— Problem statement —
With the images removed, write out every line below exactly.

[[ Provided data, beginning ]]

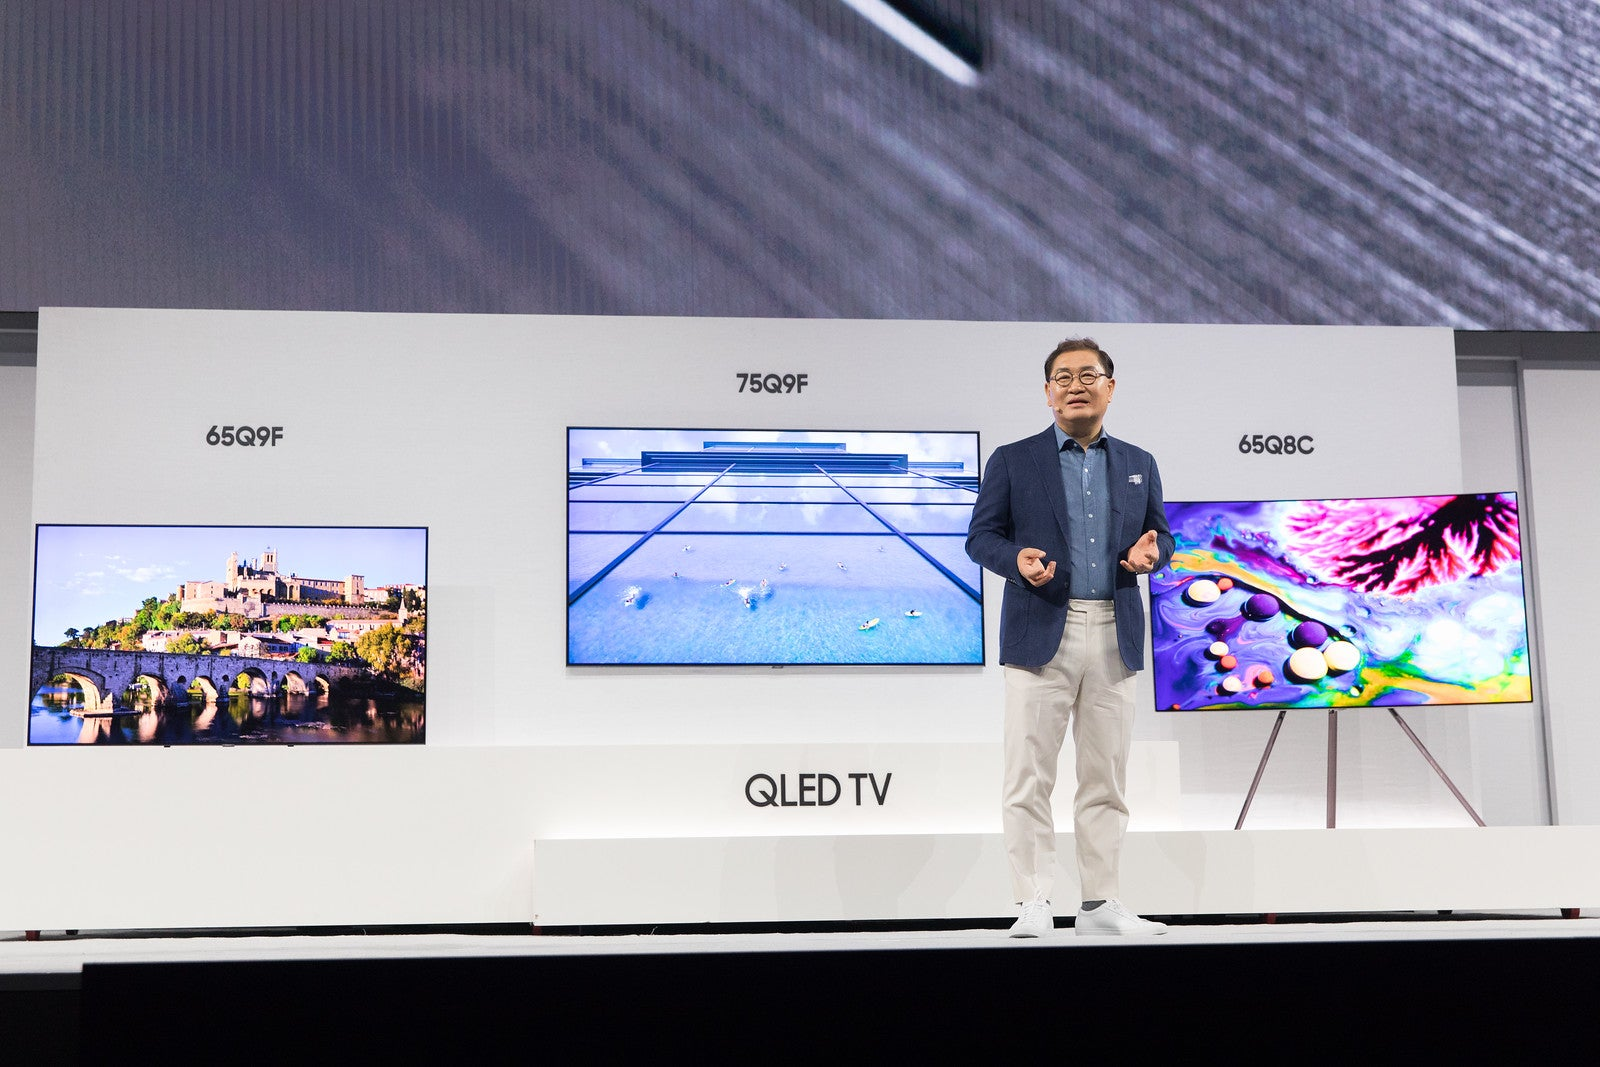 Samsung Qled Tvs 2018 Every New Samsung 4k Tv Explained
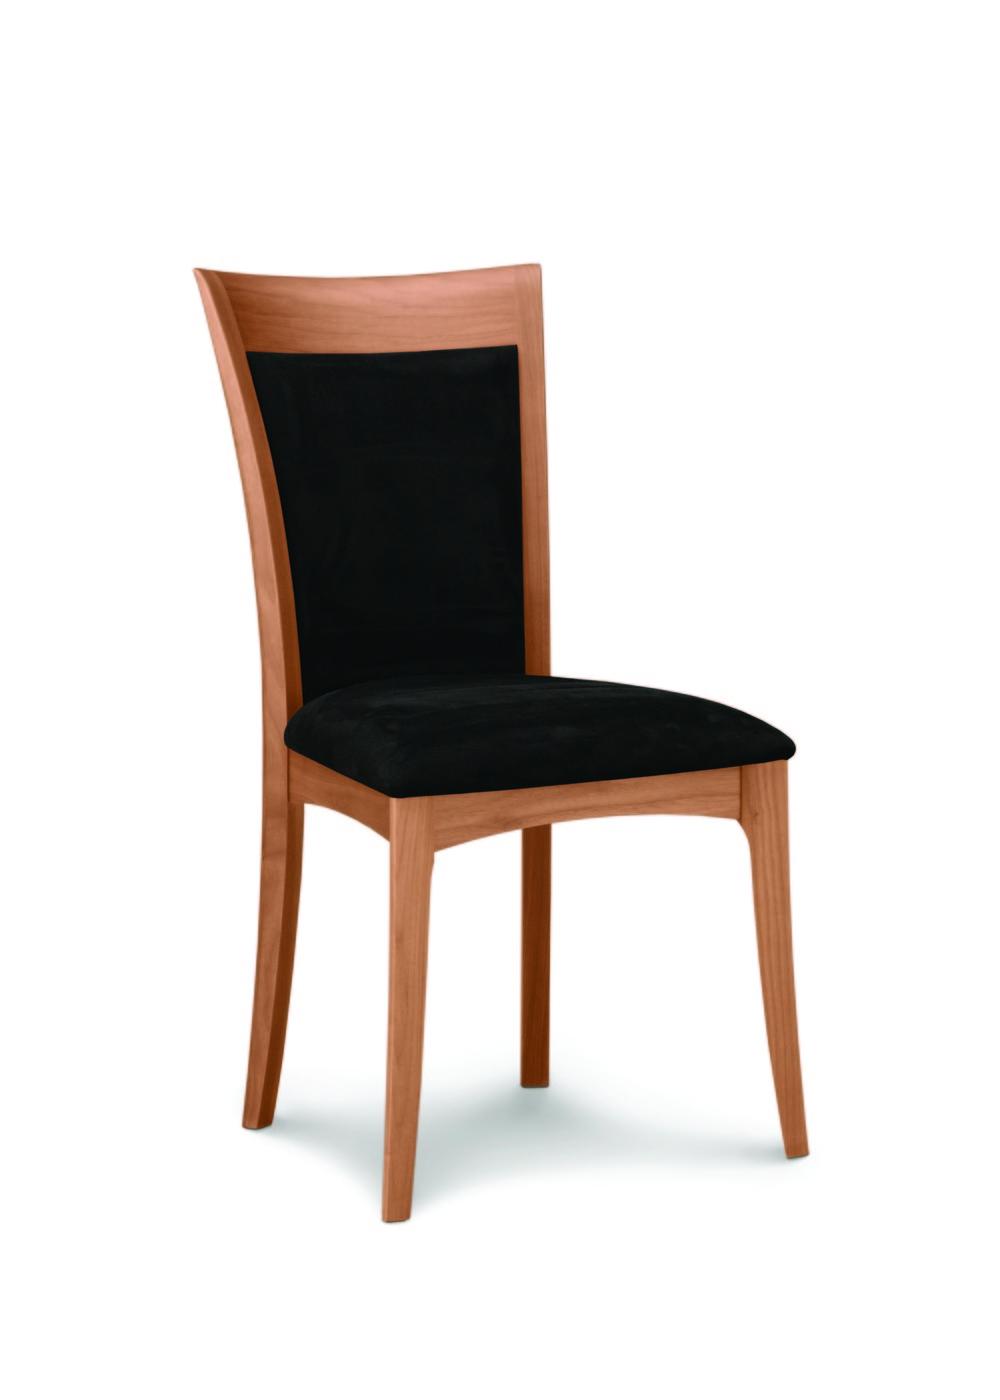 Copeland Furniture - Morgan Side Chair
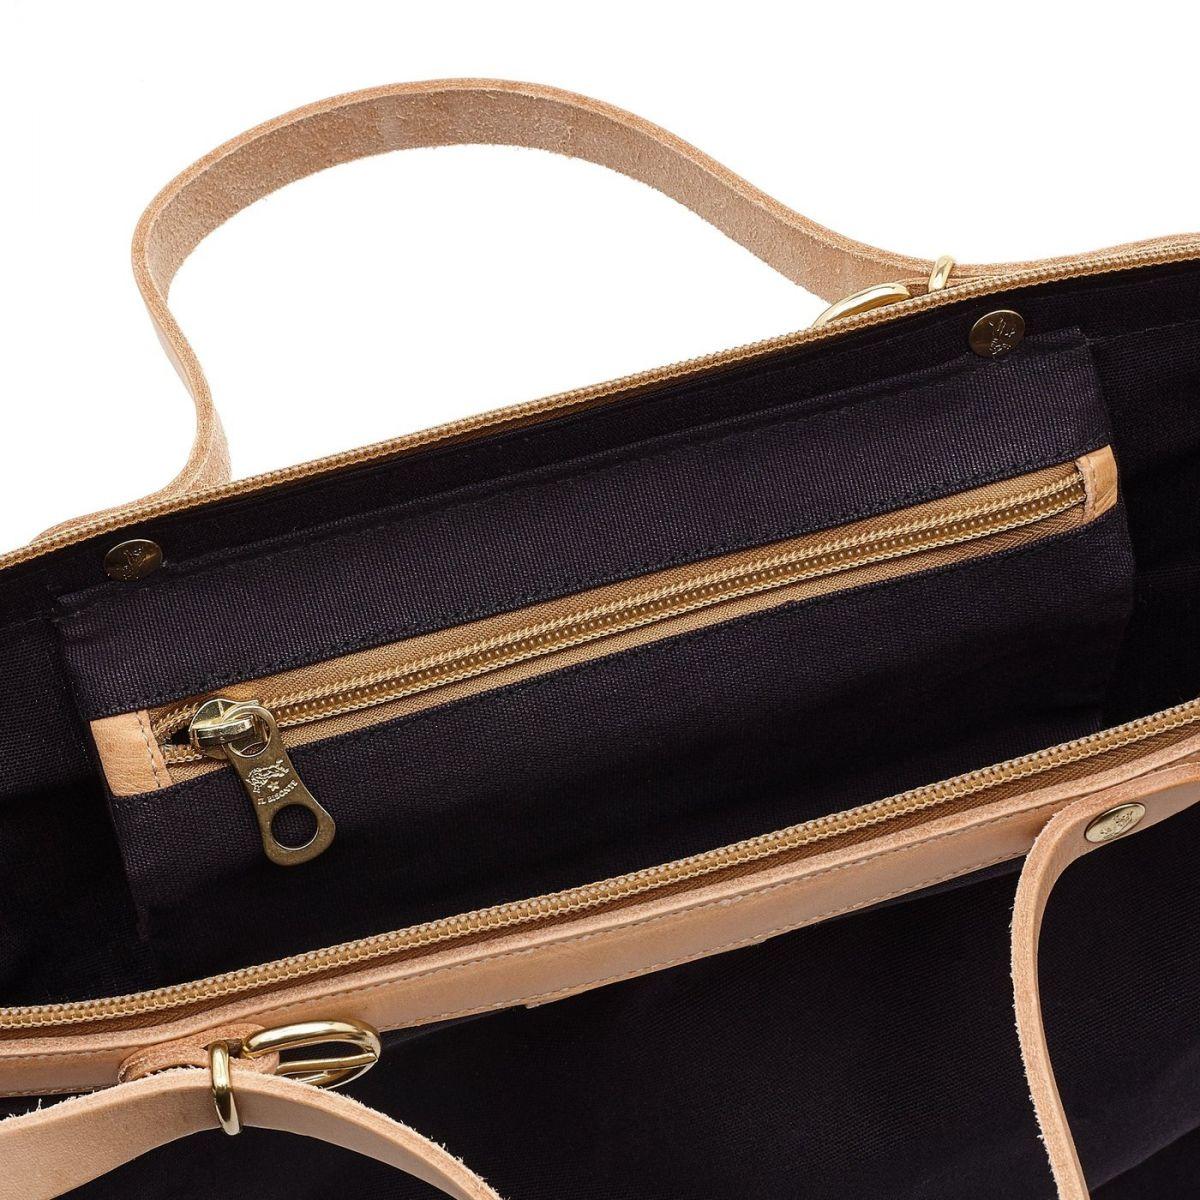 Caramella  - Women's Shoulder Bag  in Cotton Canvas BSH119 color Blue | Details

[[ Provided data, end ]]

— Written reply —
 Samsung Qled Tvs 2018 Every New Samsung 4k Tv Explained
 Copeland Furniture - Morgan Side Chair
 Caramella  - Women's Shoulder Bag  in Cotton Canvas BSH119 color Blue | Details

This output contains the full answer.